**EXERCISE AIM**
Output each record below exactly. No images go in the copy.

——————

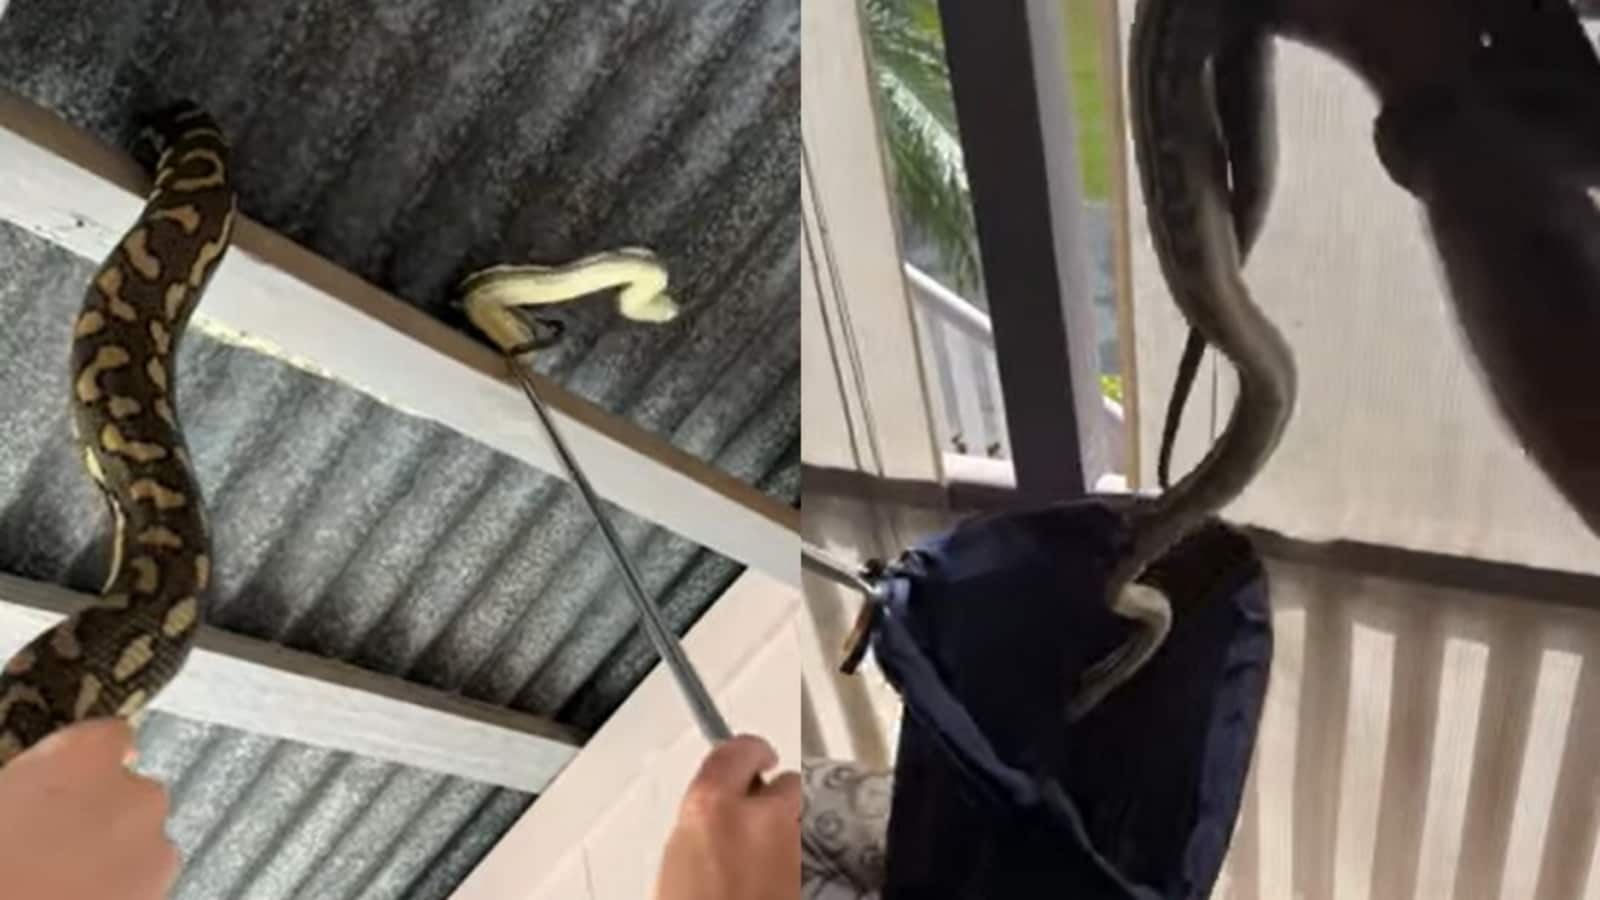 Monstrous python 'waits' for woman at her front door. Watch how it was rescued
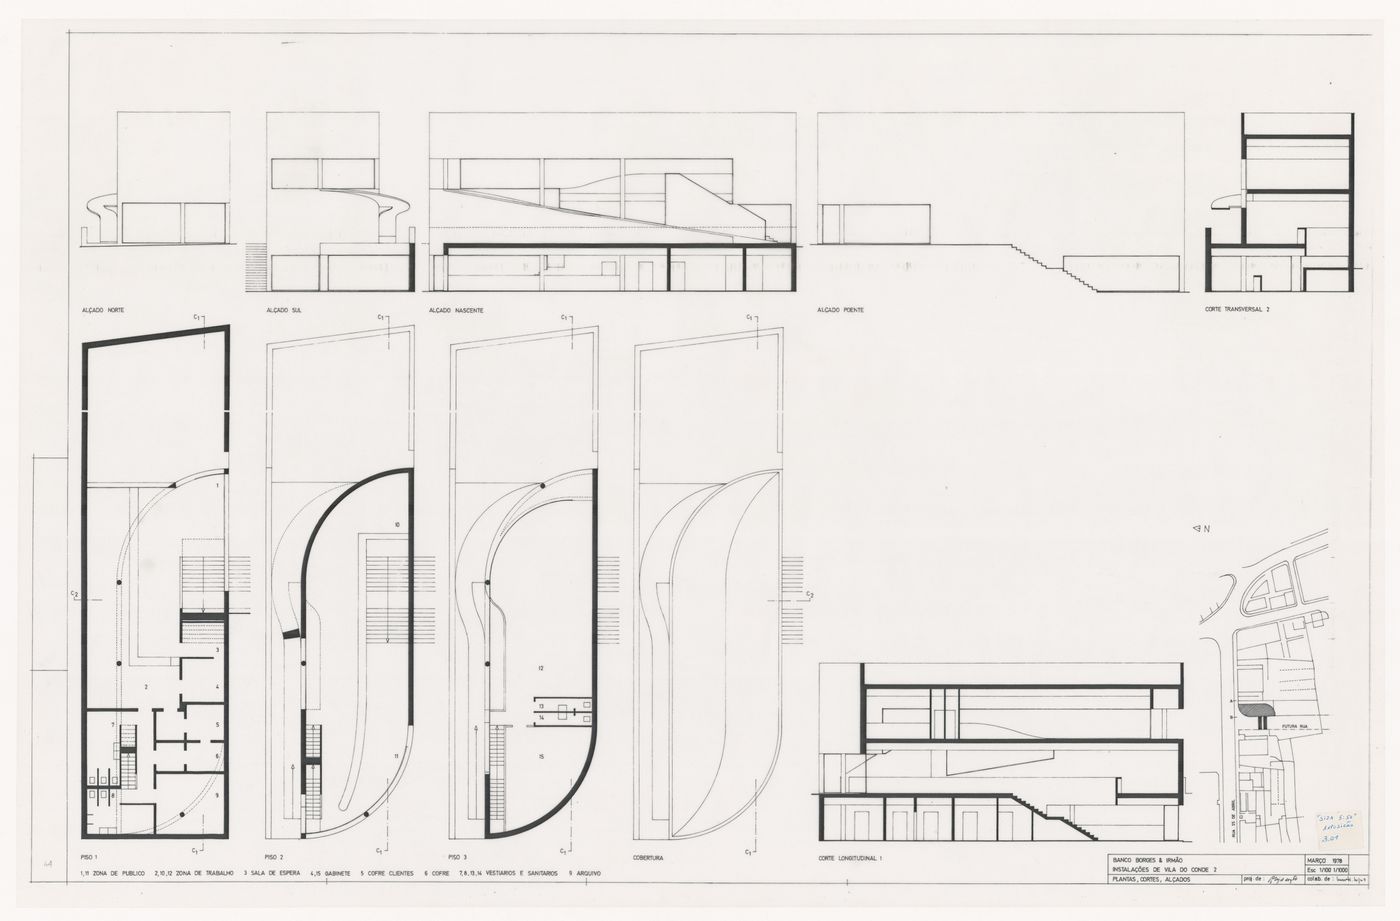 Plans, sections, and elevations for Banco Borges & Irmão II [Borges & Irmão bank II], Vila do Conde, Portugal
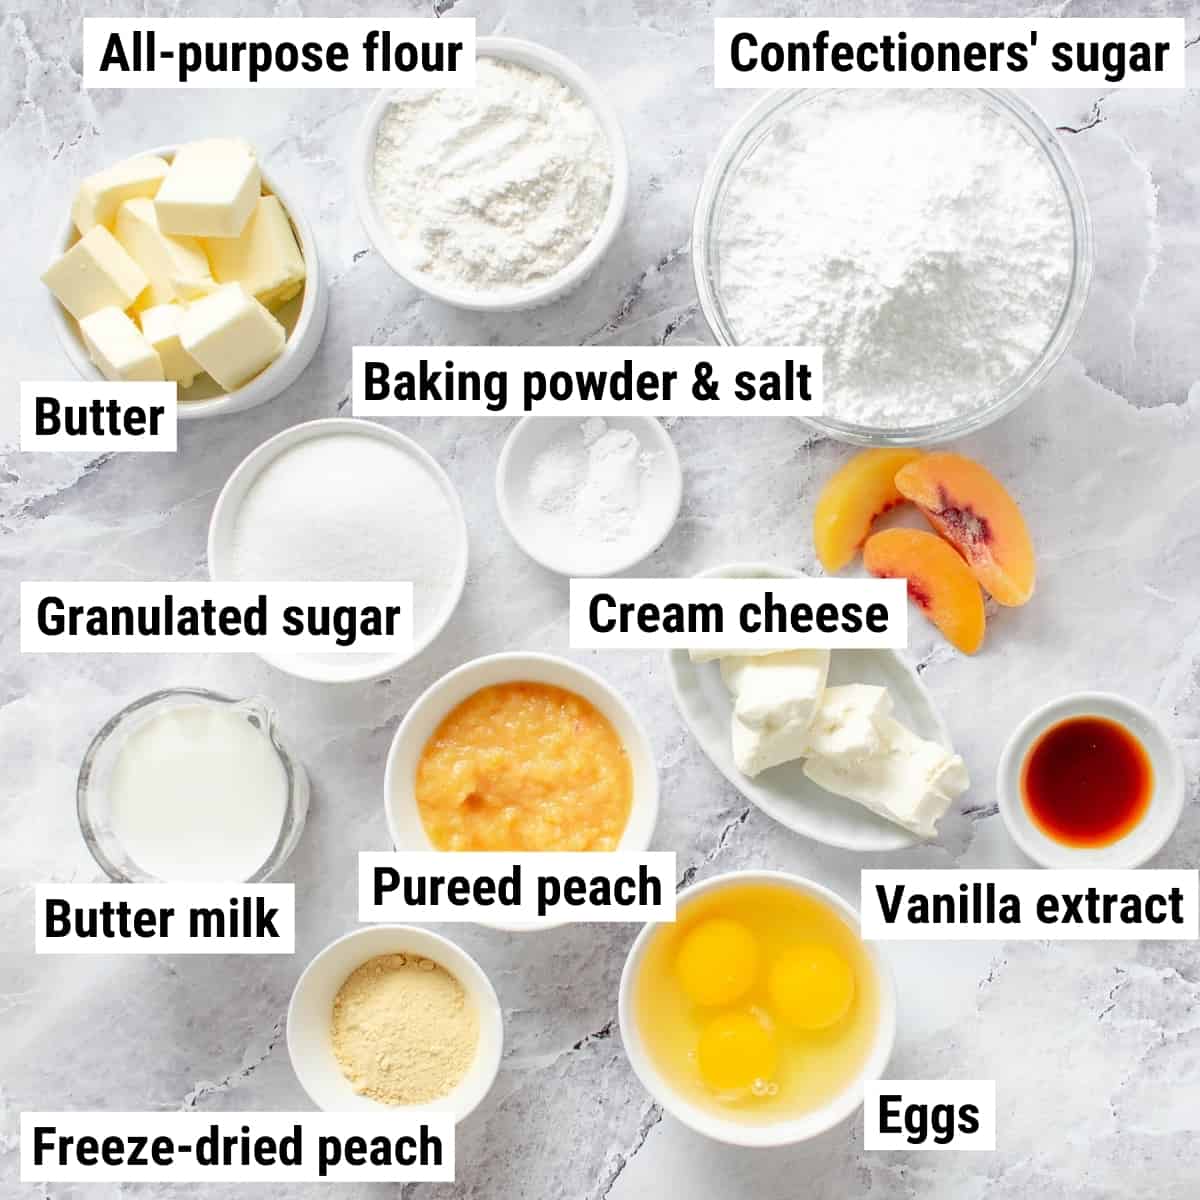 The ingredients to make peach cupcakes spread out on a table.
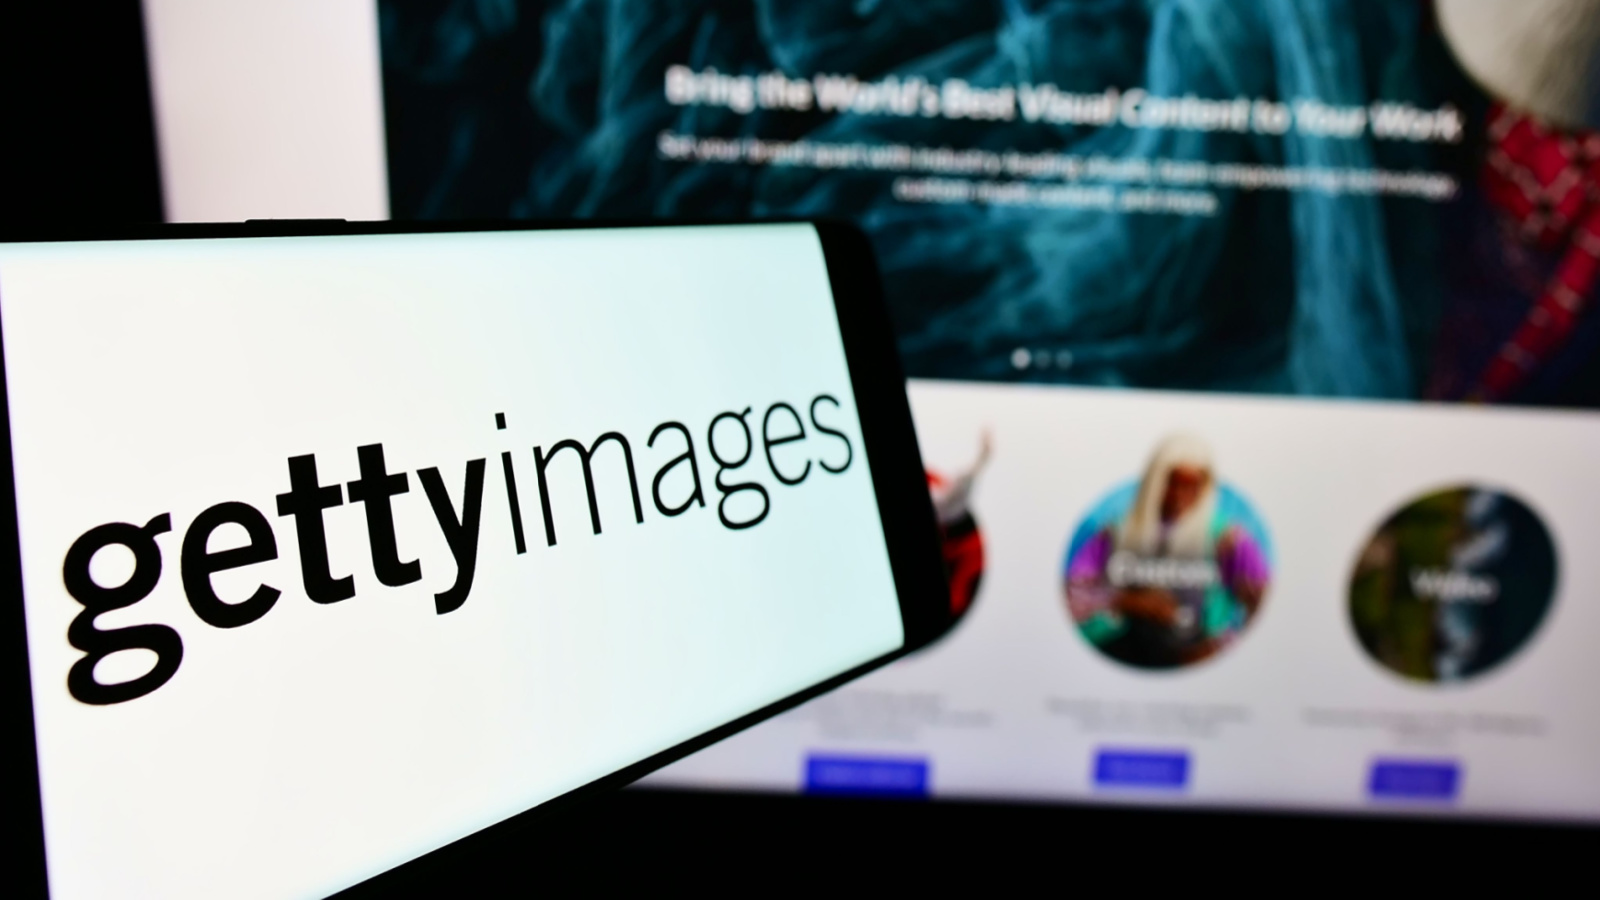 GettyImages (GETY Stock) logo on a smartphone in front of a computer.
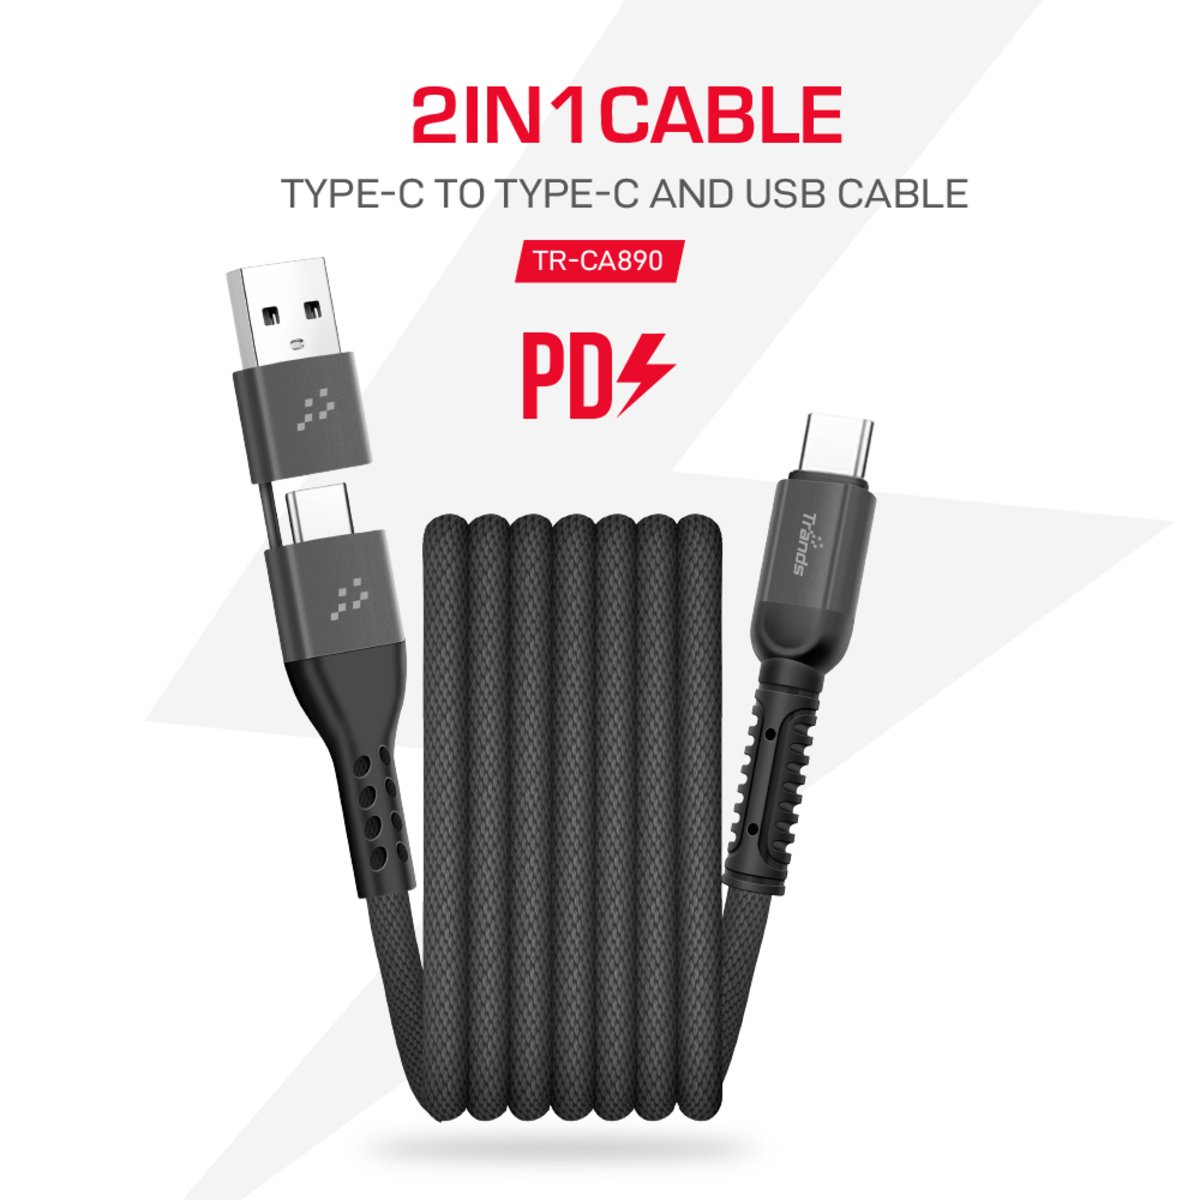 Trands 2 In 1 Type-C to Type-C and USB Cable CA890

——————

**SOLUTION**
 Monstrous python 'waits' for woman at her front door. Watch how it was rescued
 Plans, sections, and elevations for Banco Borges & Irmão II [Borges & Irmão bank II], Vila do Conde, Portugal
 The ingredients to make peach cupcakes spread out on a table.
 GettyImages (GETY Stock) logo on a smartphone in front of a computer.
 Trands 2 In 1 Type-C to Type-C and USB Cable CA890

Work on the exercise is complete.